Strong performances and some intriguing sci-fi and moral concepts elevate what would have been an average episode, long on exposition and dialog and short on excitement. “…But to Connect” is a great setup for what is to come, making it all the harder to have to wait until February.
- This episode will serve as a mid-season finale for Discovery, which will return with episode 8 on February 10, 2022.
- This is Lee Rose’s fourth time directing Discovery and her second this season.
- This is the second Discovery writing credit for Terri Hughes Burton, who joined the series as a co-executive producer for season four.

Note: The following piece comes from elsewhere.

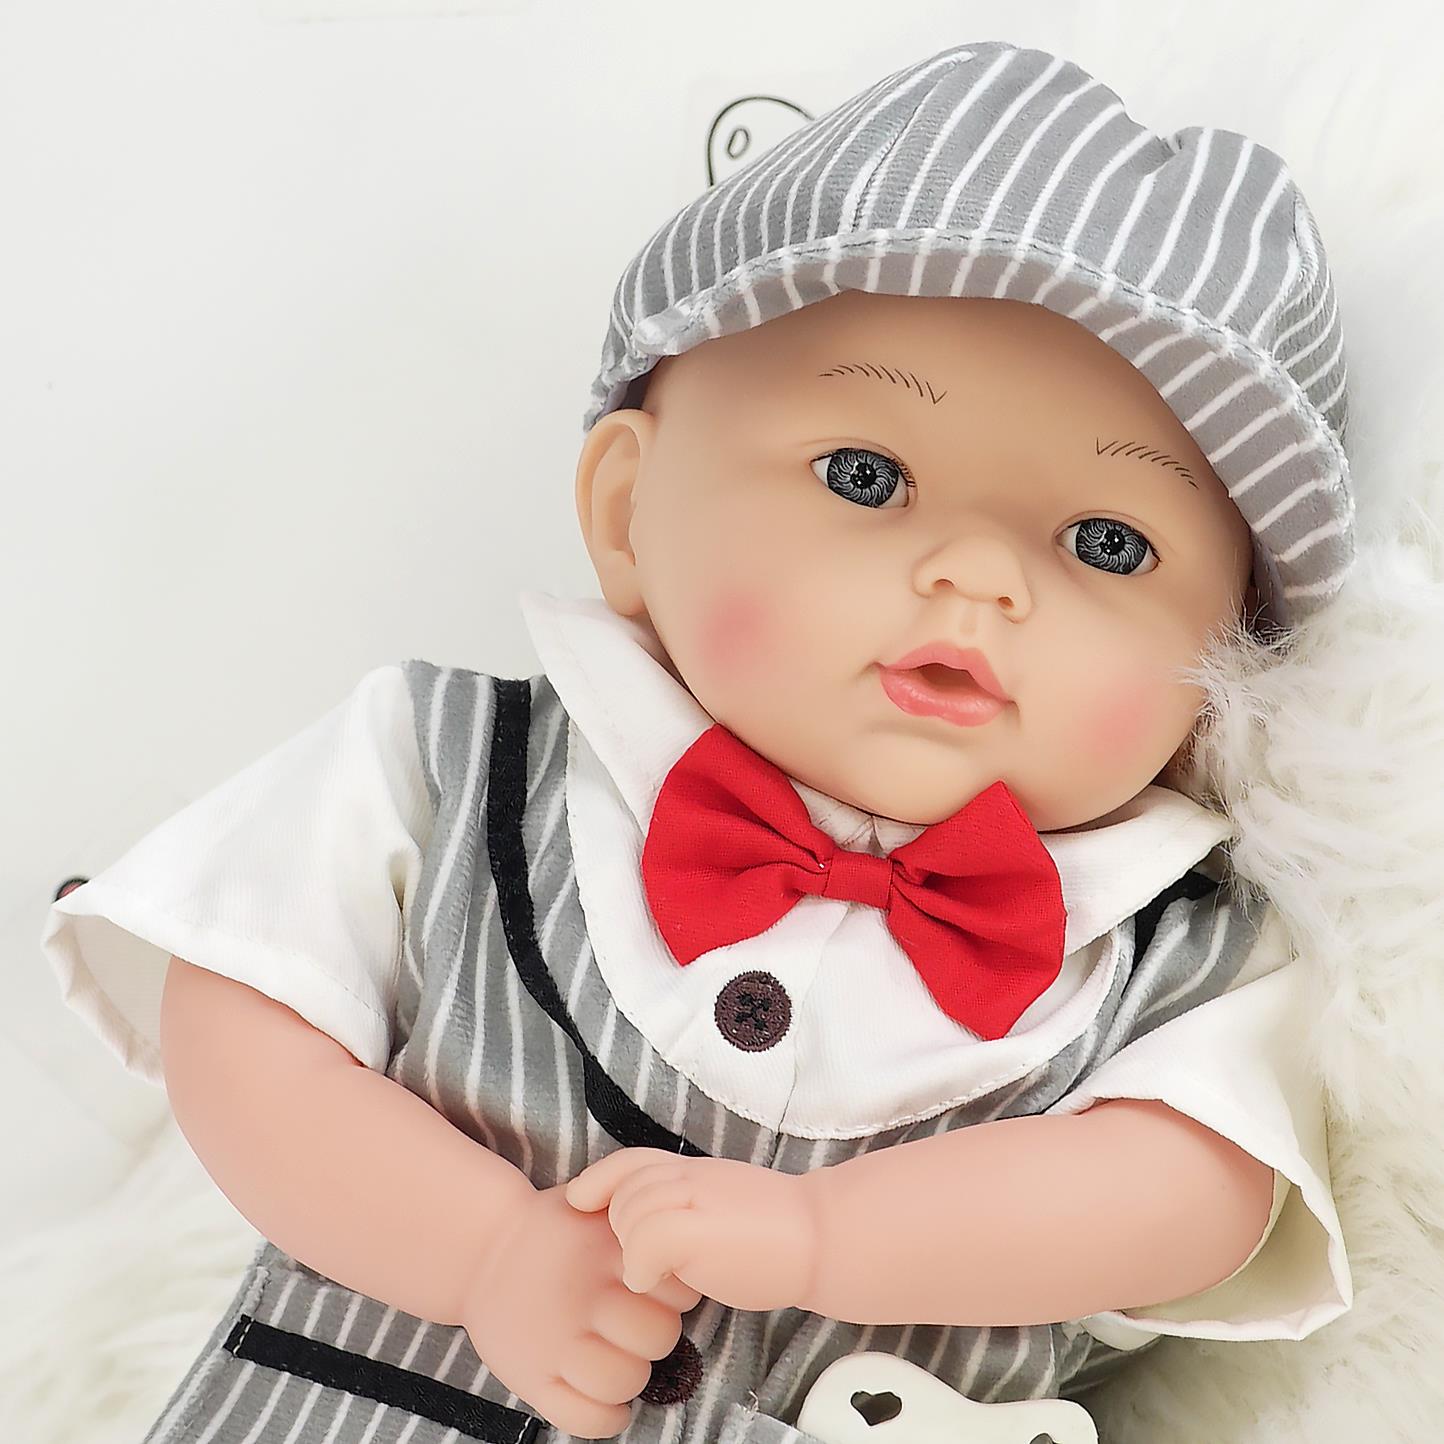 BiBi Baby Doll - Charlie (45 cm / 18") by BiBi Doll - The Magic Toy Shop
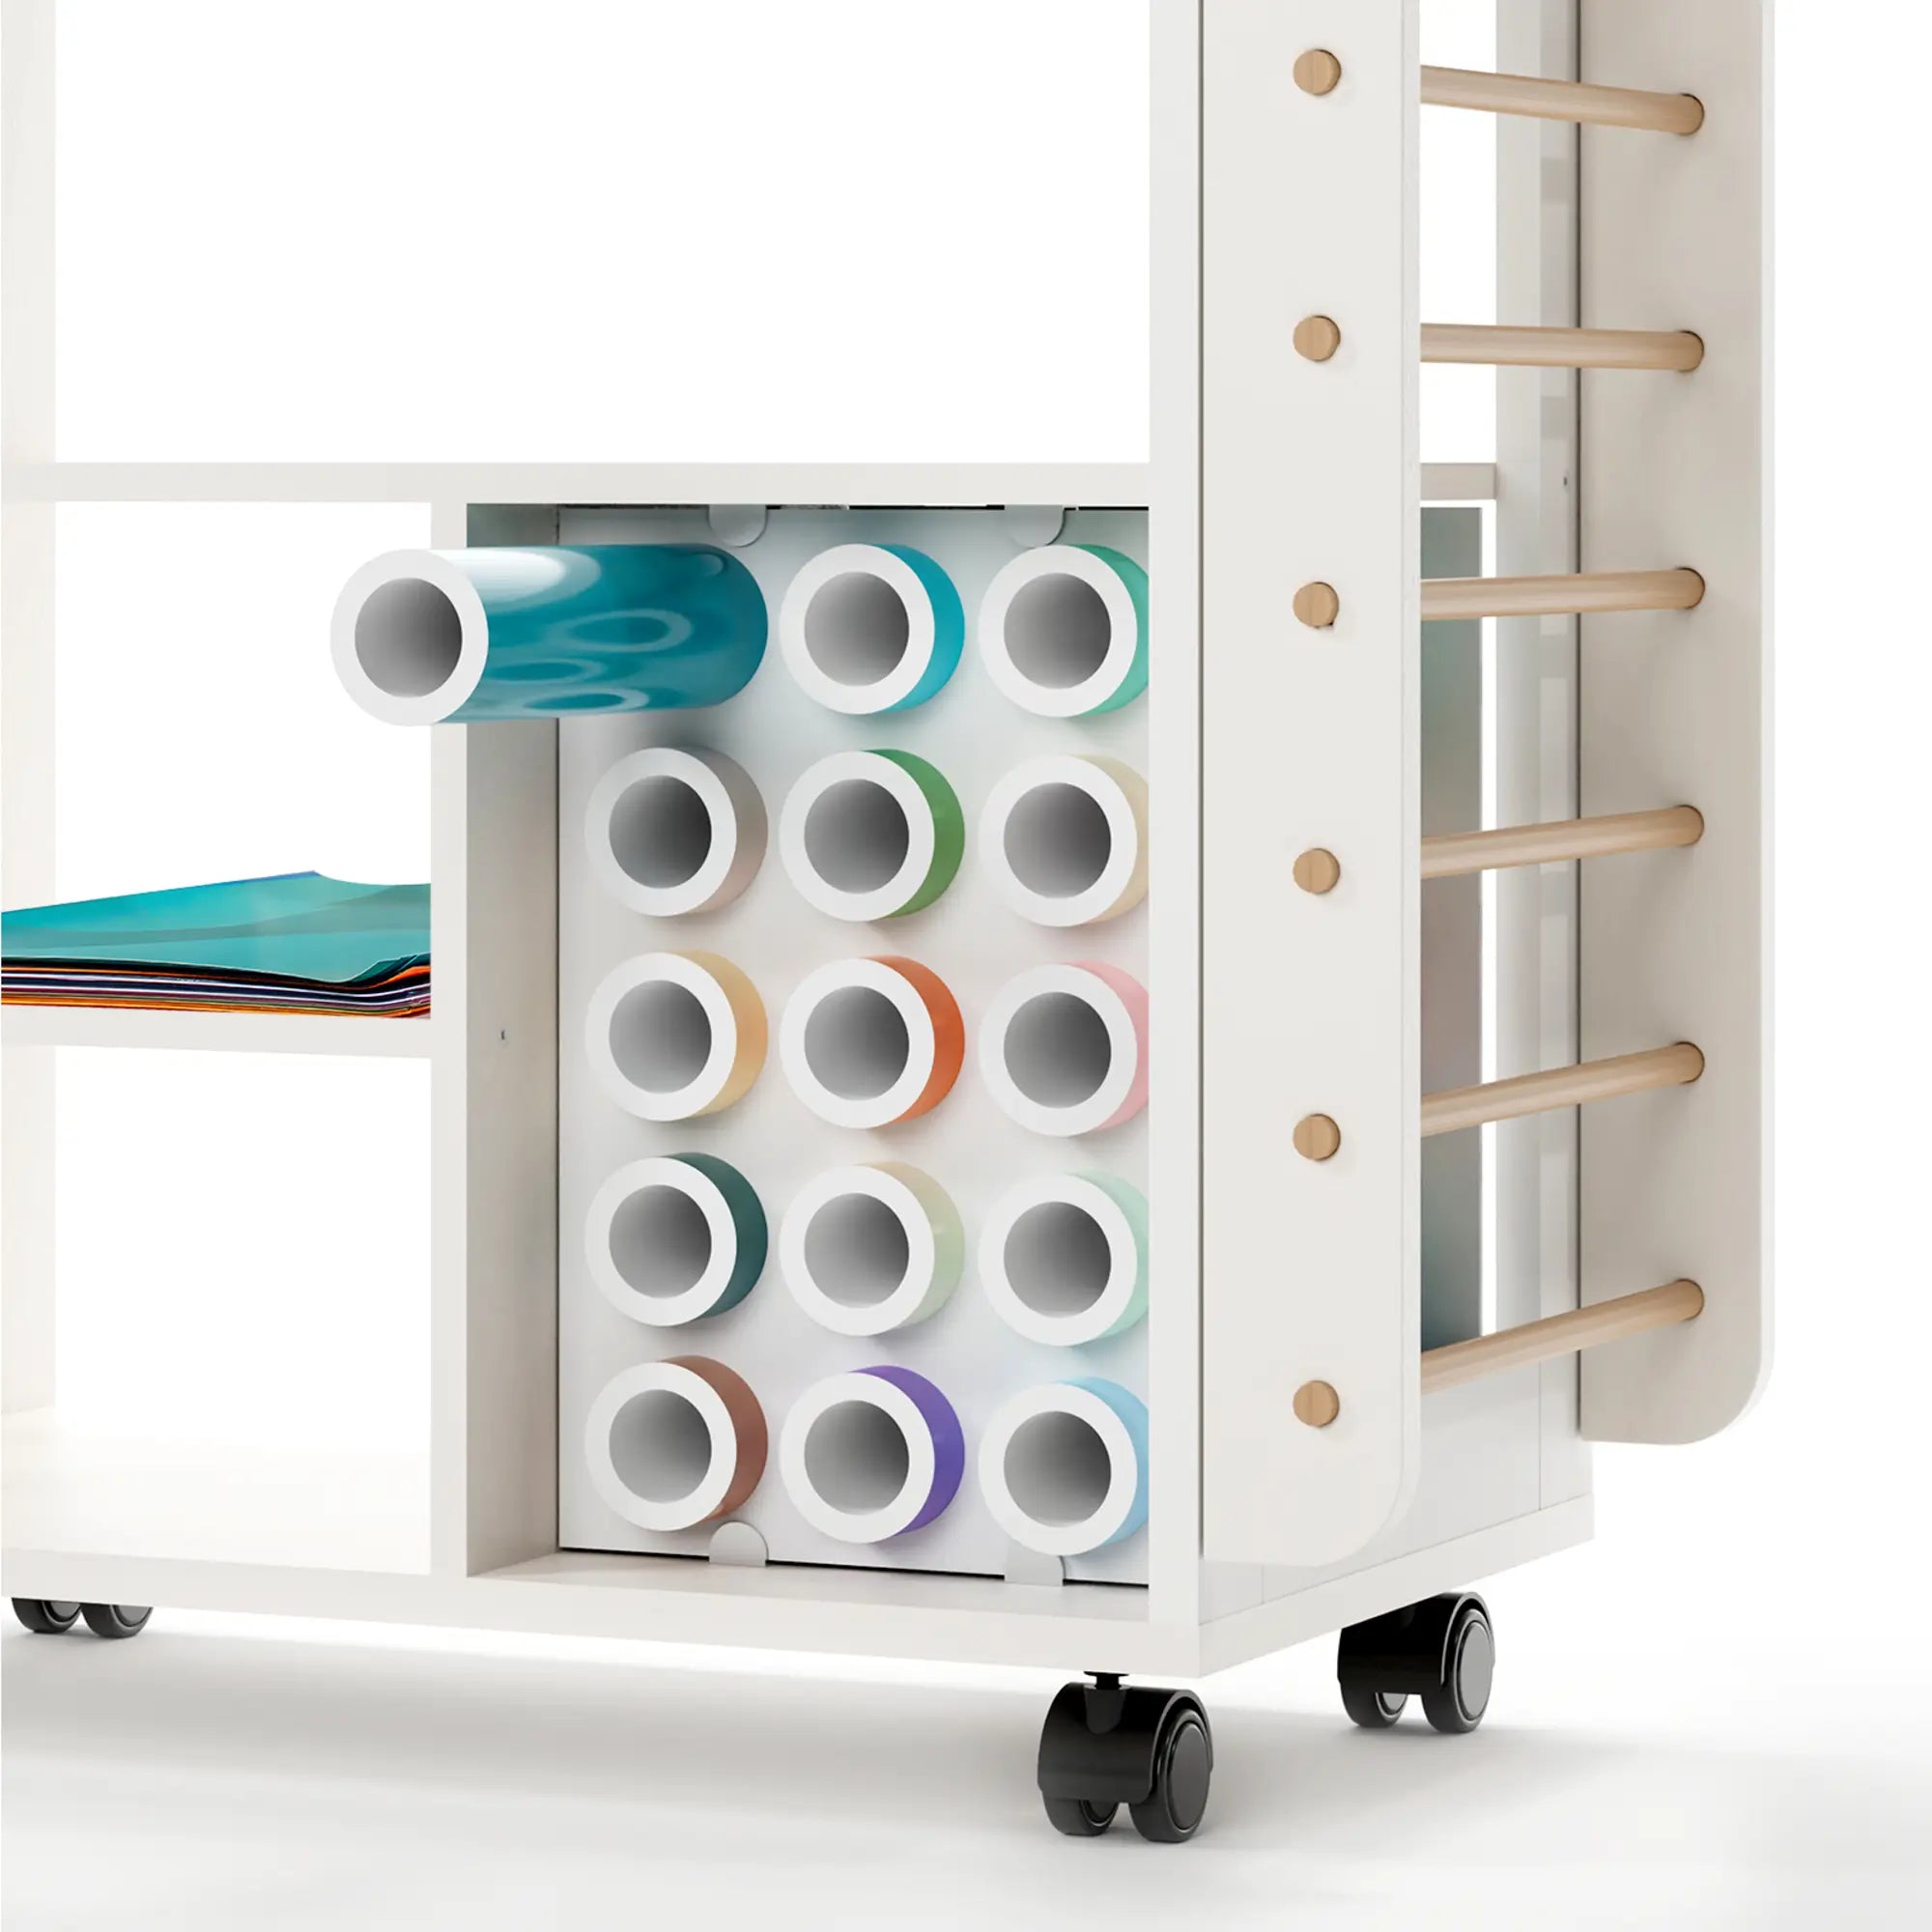 Crafit Craft Storage Cabinet Cart for Cricut

- This is the first Discovery writing credit for staff writer Carlos Cisco, who joined the series as a writer’s assistant in season three.
- The Discovery is shown to have significant damage as a result of “Stormy Weather” with much of the outer ring of the saucer being replaced by Archer Station.
- The USS Voyager-J gets another mention, with Stamets suggesting at one point to use their computer to help analyze the data.
- Dr. Kovich uses the Latin term “experto credite” which is a quote from the epic poem Aenieid and means “trust one who has experience.” The variation “Experto Crede” is the motto of the USAF 89th Airlift Wing which operates Air Force One.
- The Federation currently has 60 member worlds, so the only new member since episode 401 is Ni’Var.
- Book argues with Michael that she has been one to “take on the enemy” and specifically mentions the Klingons, referring to her actions in the series premiere “The Vulcan Hello,” which kicked off a war.
- The ban on isolytic subspace weapons was part of the Second Khitomer Accords, as established in Star Trek: Insurrection.
- Tarka’s isolytic weapon was developed based on the experiment he did on the USS Discovery in episode 405.
- Tarka said one species tried to attack the DMA with 1,600 quantum torpedoes.
- Book refers to himself as a “speaker for the dead,” which is a term from the sci-fi novel of the same name by Orson Scott Card.
- Adira mentions the “All Is Possible” snowglobe given to them by Tilly in “All Is Possible.”
- This is David Cronenberg’s sixth appearance as Kovich and third in season four.
- Phumzile Sitole returns to play (now General) Ndoye of the United Earth Defense Force, last seen in the season three episode “People of Earth.”
- Alex McCooeye returns as Emperor Lee’U of the Alshain (“the butterfly people”) introduced in episode 401.
- Other familiar alien conference attendees include an Andorian, Orion, Lurian, Vulcan, Cardassian, Trill, Shlerm, Osnullus, and Ferengi.